A disgruntled airplane pilot sued the Federal Aviation Agency (FAA) seeking to have his pilot’s license reinstated. The FAA terminated his license after the pilot failed a drug test. The pilot claimed that there was insufficient evidence to support his termination. The suit made its way to a federal appeals court after an administrative hearing and the National Transportation Safety Board affirmed the FAA’s decision. The federal court, I’m glad to say, upheld the termination decision, marking a sad day for crack-smoking employees in highly safety-sensitive jobs.

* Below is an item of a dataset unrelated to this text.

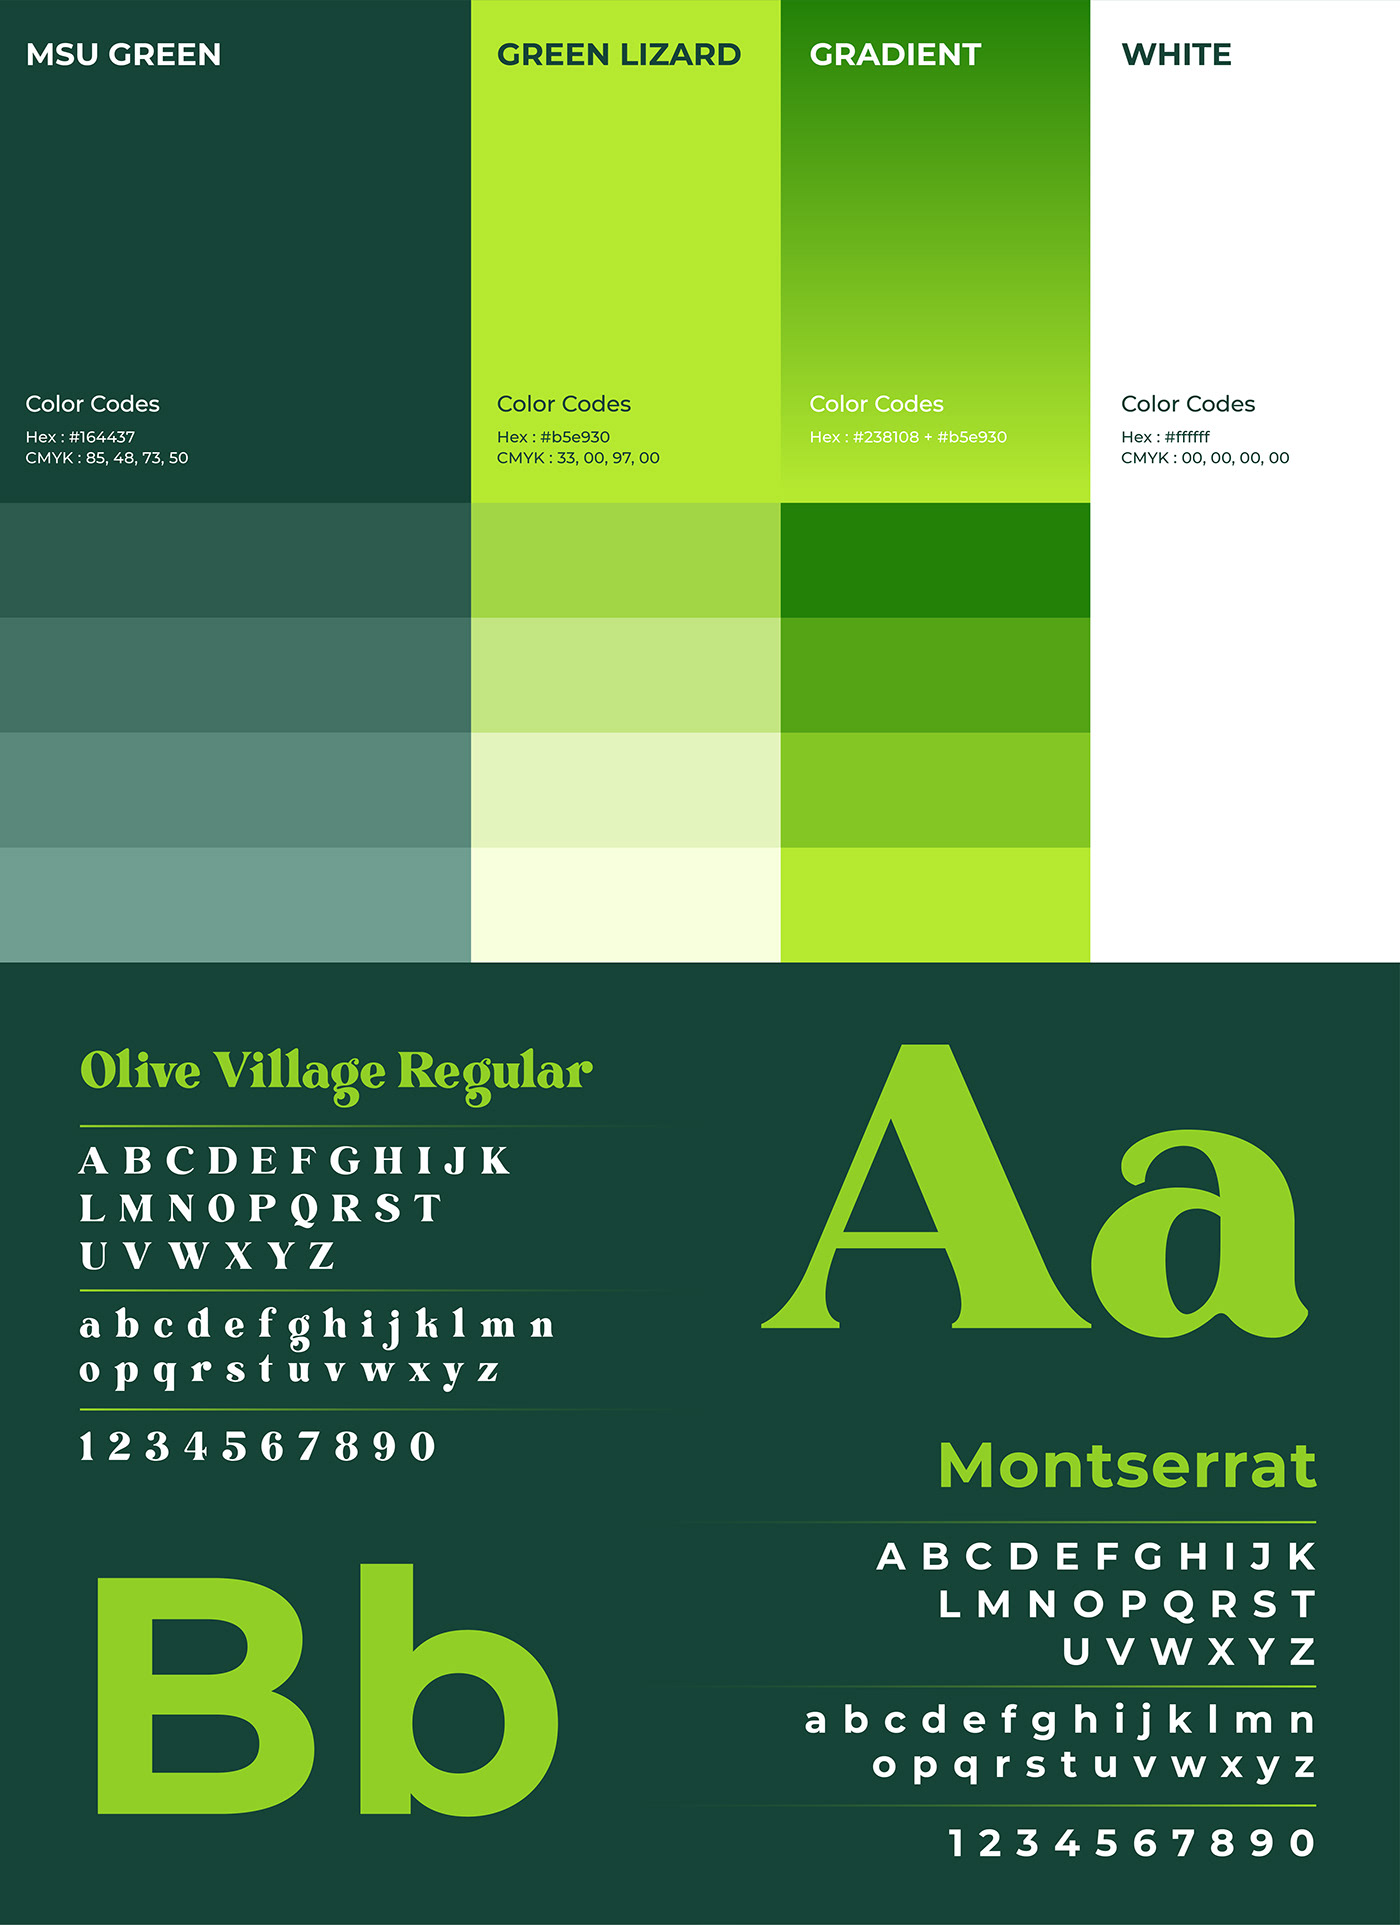 This image contains Kreidy's fresh brands color palette and typography.

Mark Toth of the Manpower Employment Blog has a great summary of the case in his post, Court Upholds Termination of Crack-Smoking Pilot:
- February 15: Pilot Charles Gabbard smoked crack cocaine.
- February 16: Gabbard submitted to a random drug test.
- February 17: Gabbard piloted a chartered jet.
- February 21: Gabbard’s test results show a cocaine metabolite level seven times higher than the regulatory limit. (Cocaine takes 24-48 hours to clear the system.)
In April 2007, the FAA terminated Gabbard’s pilot’s license based on the positive drug test and the agency’s conclusion that he had piloted the February 17 flight “while having a prohibited drug, cocaine in [his] system.”
Drug-Free Friendly Skies: Too Much to Ask?
The Sixth Circuit concluded that there was sufficient evidence to find that Gabbard indeed had taken drugs prior to flying. Given the window of time for the drug test to show a positive result, he had smoked crack no more than 42-44 hours before takeoff.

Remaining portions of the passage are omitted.